Address
- 712 Lincoln Avenue Ridgefield Park, Bergen County, New Jersey, 07660 United States
- Coordinates: 40°51′42″N 74°01′33″W﻿ / ﻿40.86174°N 74.025739°W

District information
- Grades: PreK-12
- Superintendent: Angela Bender
- Business administrator: Carrie Grapstein
- Schools: 4

Students and staff
- Enrollment: 2,178 (as of 2020–21)
- Faculty: 180.0 FTEs
- Student–teacher ratio: 12.1:1

Other information
- District Factor Group: DE
- Website: www.rpps.net
| Ind. | Per pupil | District spending | Rank (*) | K-12 average | %± vs. average |
| 1A | Total Spending | $16,613 | 19 | $18,891 | −12.1% |
| 1 | Budgetary Cost | 12,055 | 7 | 14,783 | −18.5% |
| 2 | Classroom Instruction | 7,360 | 14 | 8,763 | −16.0% |
| 6 | Support Services | 1,908 | 20 | 2,392 | −20.2% |
| 8 | Administrative Cost | 1,271 | 9 | 1,485 | −14.4% |
| 10 | Operations & Maintenance | 1,085 | 2 | 1,783 | −39.1% |
| 13 | Extracurricular Activities | 411 | 44 | 268 | 53.4% |
| 16 | Median Teacher Salary | 68,466 | 52 | 64,043 |
Data from NJDoE 2014 Taxpayers' Guide to Education Spending. *Of K-12 districts with 1,800-3,500 students. Lowest spending=1; Highest=68

= Ridgefield Park Public Schools =

School district in Bergen County, New Jersey, US

The Ridgefield Park Public Schools is a comprehensive community public school district that serves students in pre-kindergarten through twelfth grade from the Village of Ridgefield Park, in Bergen County, in the U.S. state of New Jersey.

As of the 2020–21 school year, the district, comprised of four schools, had an enrollment of 2,178 students and 180.0 classroom teachers (on an FTE basis), for a student–teacher ratio of 12.1:1.

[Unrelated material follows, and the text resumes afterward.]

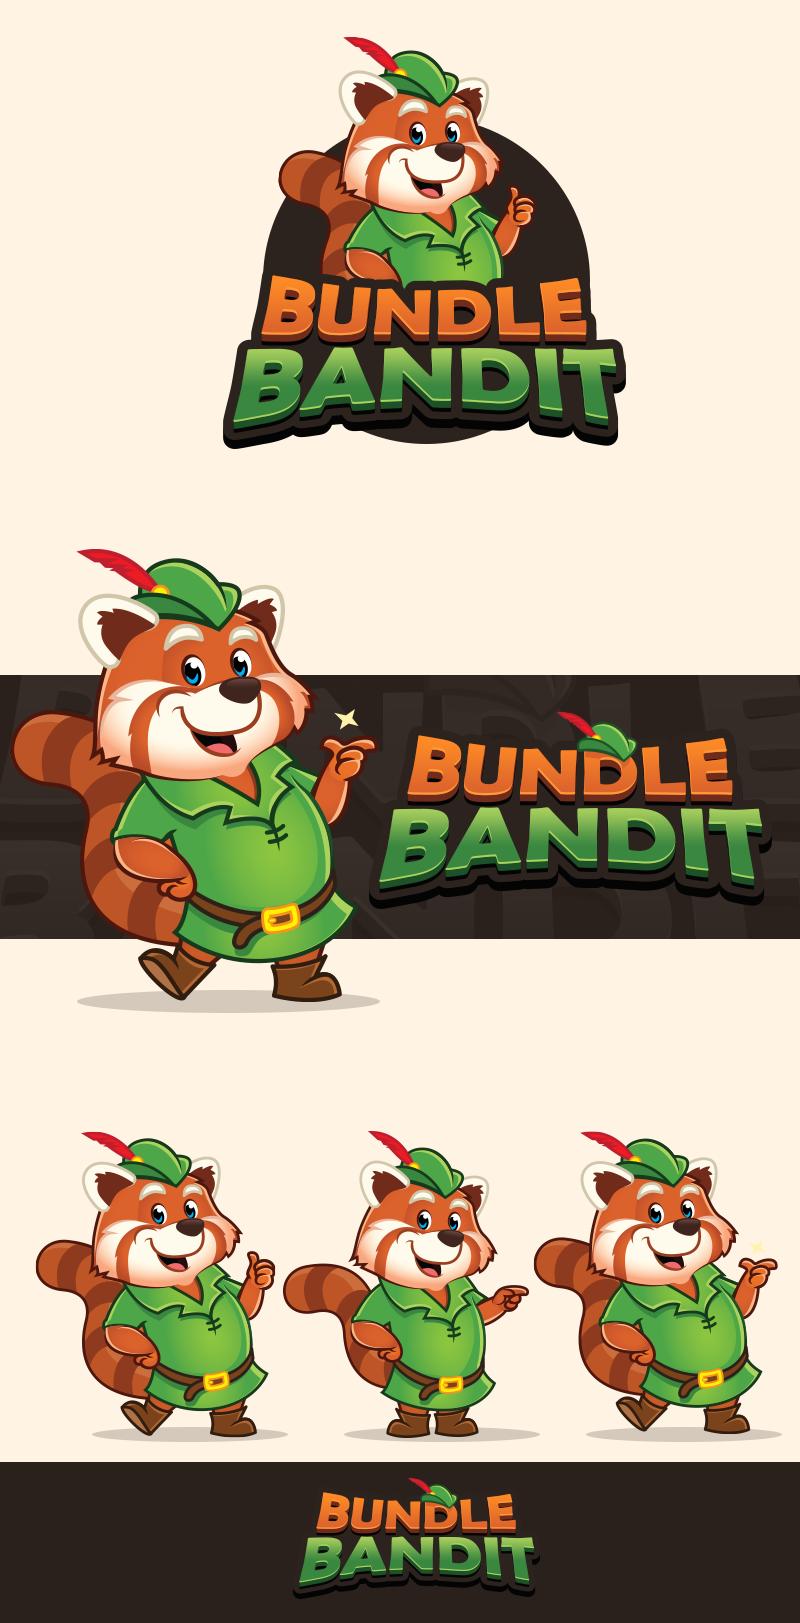 Logo and Mascot for BundleBandit.com

The district is classified by the New Jersey Department of Education as being in District Factor Group "DE", the fifth-highest of eight groupings. District Factor Groups organize districts statewide to allow comparison by common socioeconomic characteristics of the local districts. From lowest socioeconomic status to highest, the categories are A, B, CD, DE, FG, GH, I and J.

Students from Little Ferry attend the high school as part of a sending/receiving relationship with the Little Ferry Public Schools that has been in place since 1953.

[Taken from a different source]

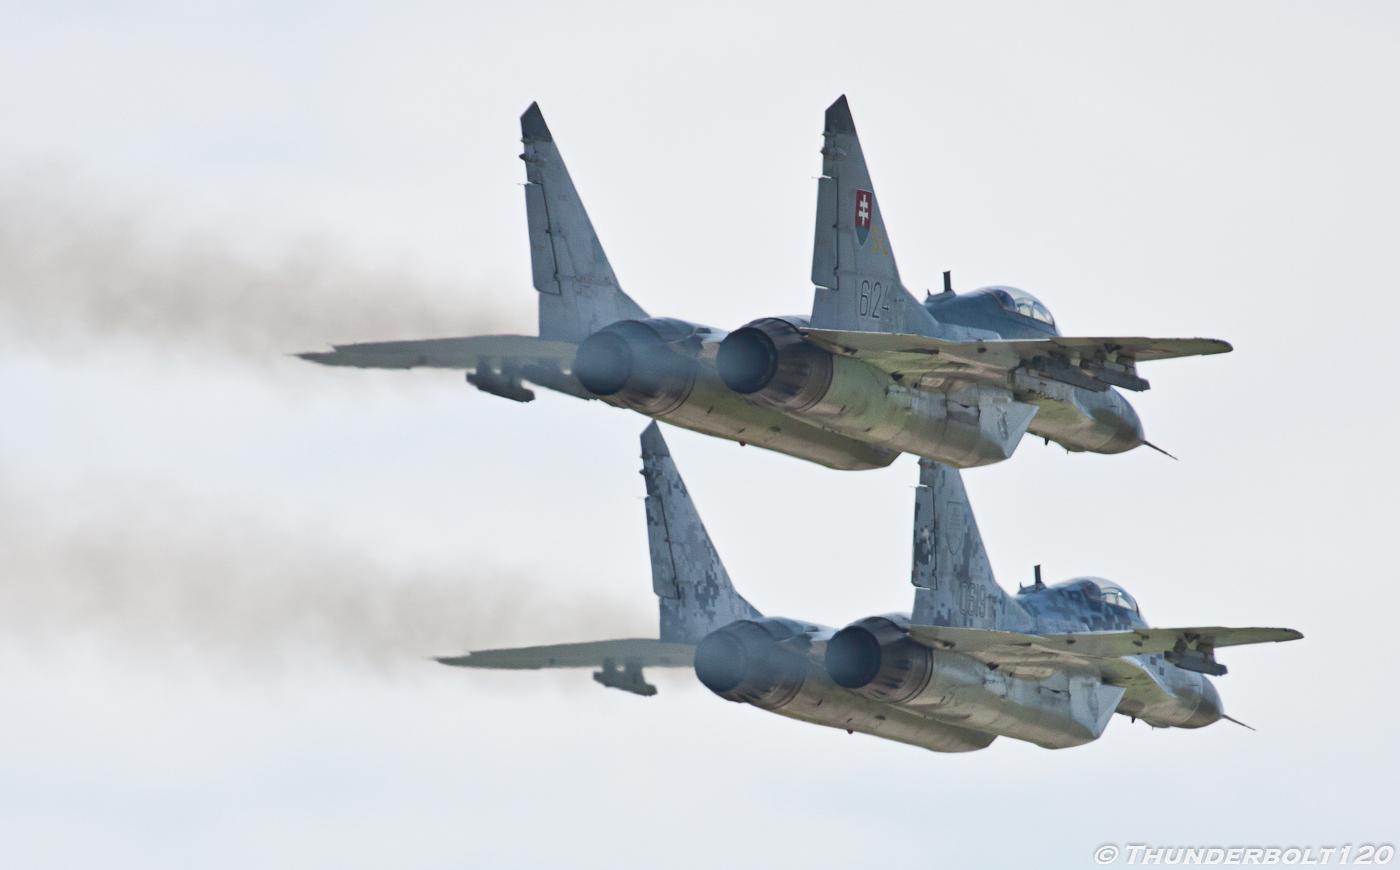 2x Mig-29

==Awards and recognition==
Grant School was recognized by the United States Department of Education's National Blue Ribbon Schools Program for the 2009-10 school year, "the most prestigious designation in education". While 49% of students had failed the Elementary School Proficiency Assessment in 2001, by 2010 all of the school's students were deemed proficient by the New Jersey Assessment of Skills and Knowledge (NJASK). The school was one of 10 in New Jersey to be recognized that year.

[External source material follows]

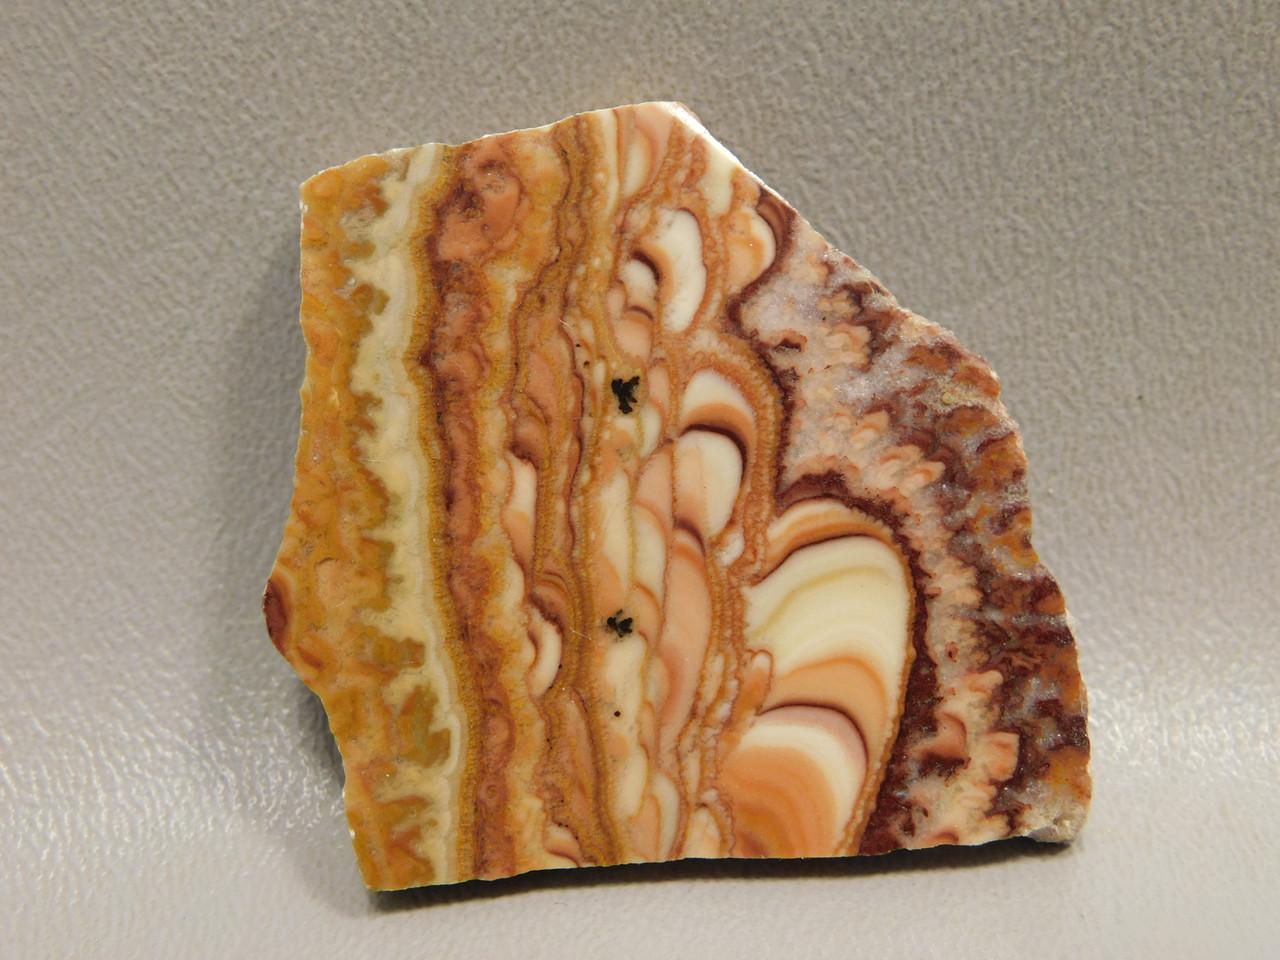 Wavy Dolomite Cabochon Small Polished Stone Slab #S1

For the 2005-06 school year, Ridgefield Park High School was one of 22 schools statewide selected as Governor's School of Excellence Winners, an award given to schools that have demonstrated significant academic improvement over the previous two academic years.

==Schools==
Schools in the district (with 2020–21 enrollment data from the National Center for Education Statistics) are:
- Elementary schools
- Grant Elementary School with 244 students in grades K-6
  - Natasha Hernandez, Principal
- Lincoln Elementary School with 374 students in grades PreK-6
  - Stephen Ferraro, Principal
- Roosevelt Elementary School with 339 students in grades PreK-6
  - Jason Cata, Principal
- High school
- Ridgefield Park High School with 1,189 students in grades 7-12
  - Melissa M. Cavins, Principal (9-12)
  - Dyan Thiemann, Principal (7-8)

==Administration==
Core members of the district's administration are:
- Angela Bender, superintendent of schools
- Carrie Grapstein, business administrator and board secretary

==Board of education==
The district's board of education is comprised of nine members who set policy and oversee the fiscal and educational operation of the district through its administration. As a Type II school district, the board's trustees are elected directly by voters to serve three-year terms of office on a staggered basis, with three seats up for election each year held (since 2012) as part of the November general election. The board appoints a superintendent to oversee the district's day-to-day operations and a business administrator to supervise the business functions of the district. A representative from Little Ferry serves on the board of education.